*** Opening of DATA PROVIDED ***

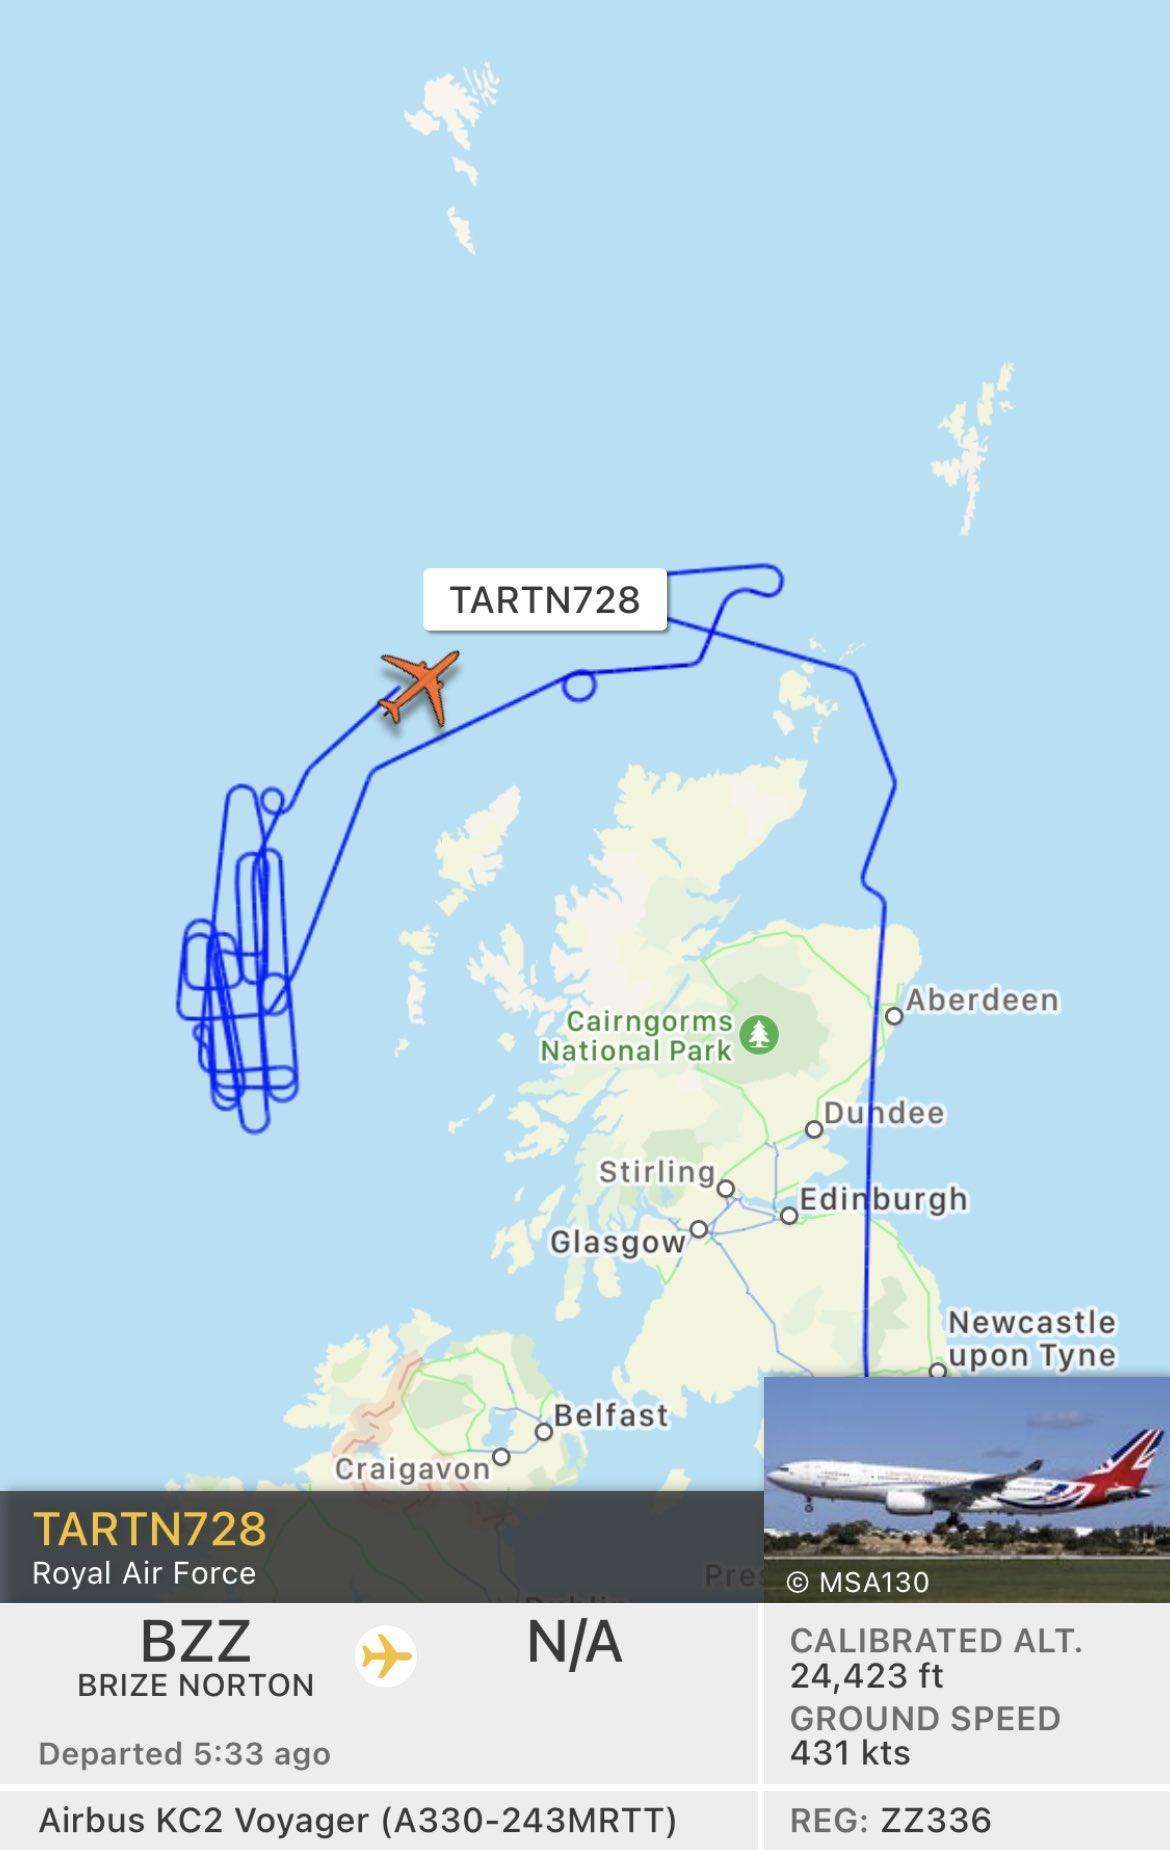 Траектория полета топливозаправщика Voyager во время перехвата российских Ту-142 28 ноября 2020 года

*** Close of DATA PROVIDED ***
*** Opening of DATA PROVIDED ***

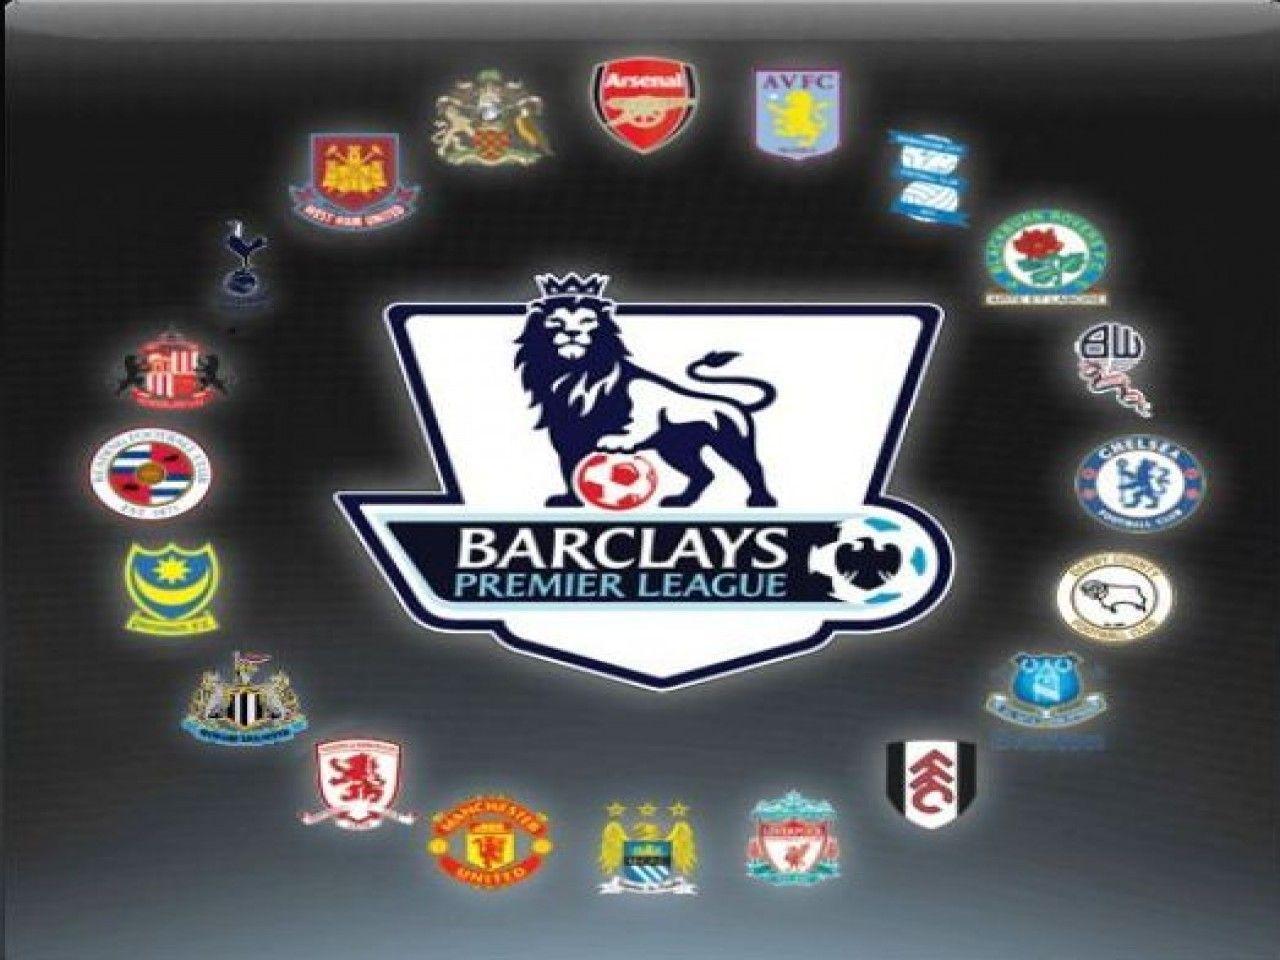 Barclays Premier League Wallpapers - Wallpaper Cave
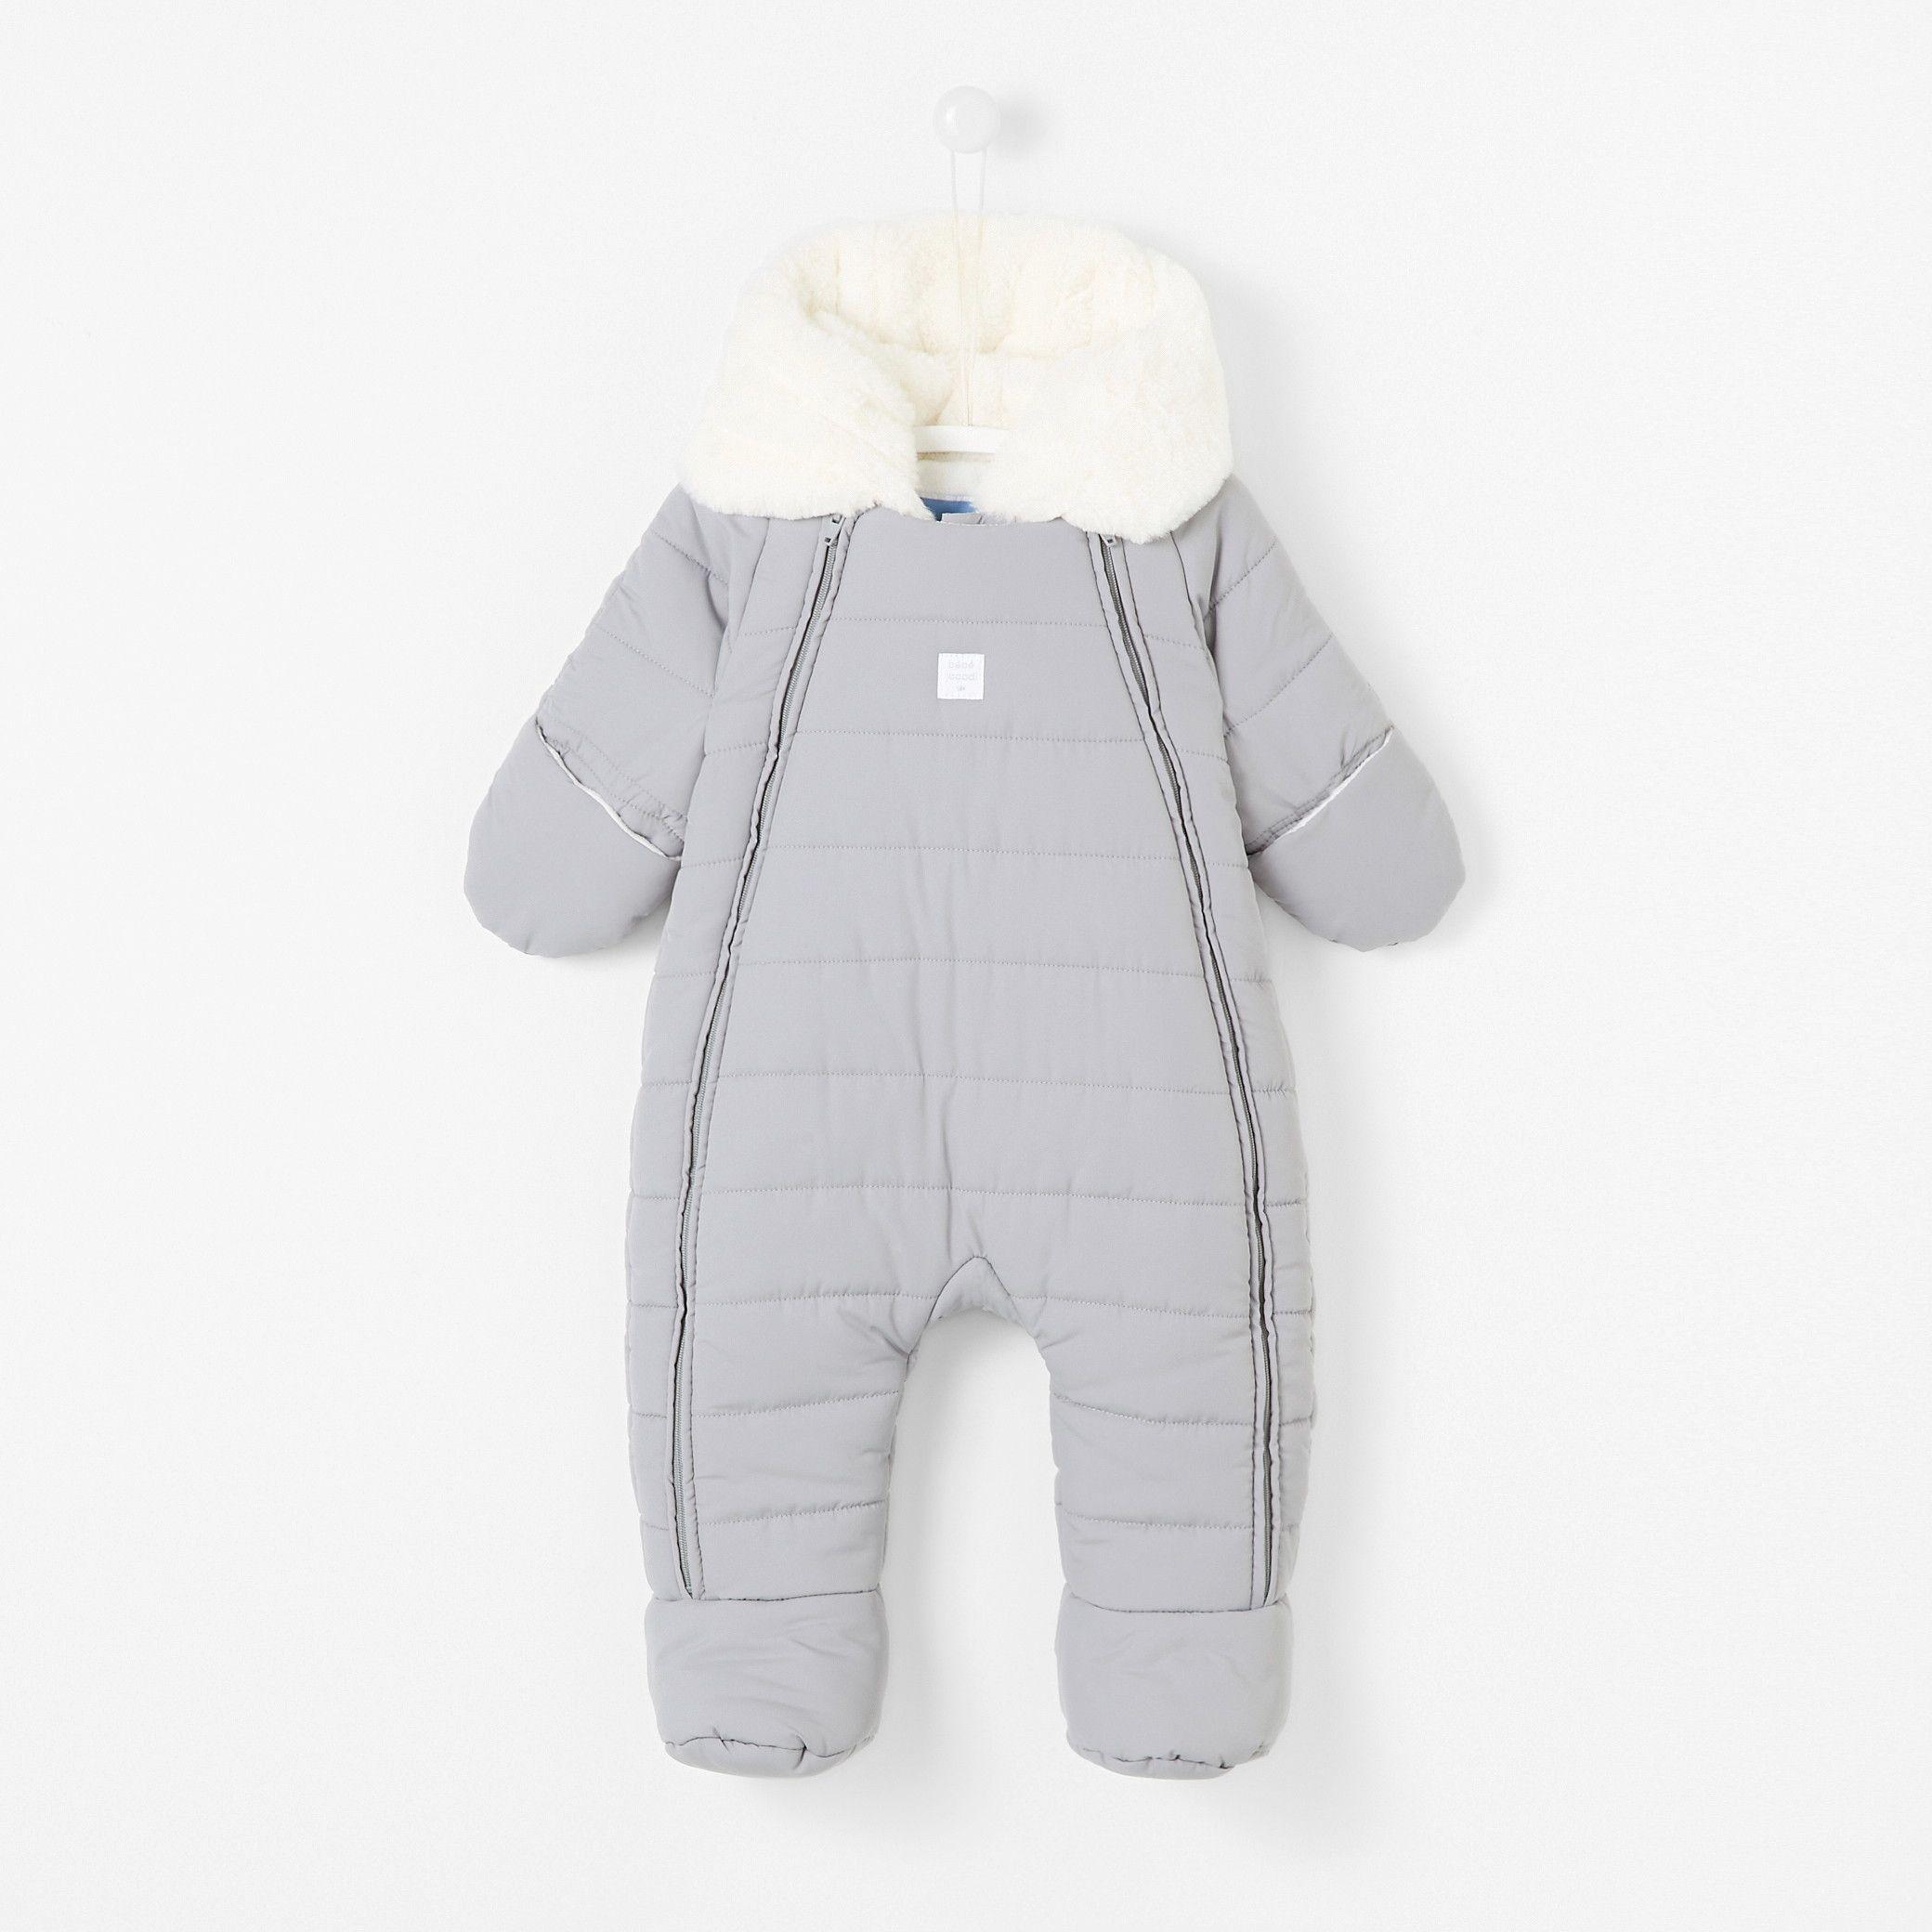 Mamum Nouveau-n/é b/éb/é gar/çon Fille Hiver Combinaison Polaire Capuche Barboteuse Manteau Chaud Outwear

*** Close of DATA PROVIDED ***

> [AIM OF THE TASK]: Reproduce the records above exactly, but only from the line with "Barclays Premier League" up to and including the line with "Mamum Nouveau-n/é b/éb/é". Leave the pictures out.

> [SOLUTION FOR THIS TASK]:
 Barclays Premier League Wallpapers - Wallpaper Cave
 Mamum Nouveau-n/é b/éb/é gar/çon Fille Hiver Combinaison Polaire Capuche Barboteuse Manteau Chaud Outwear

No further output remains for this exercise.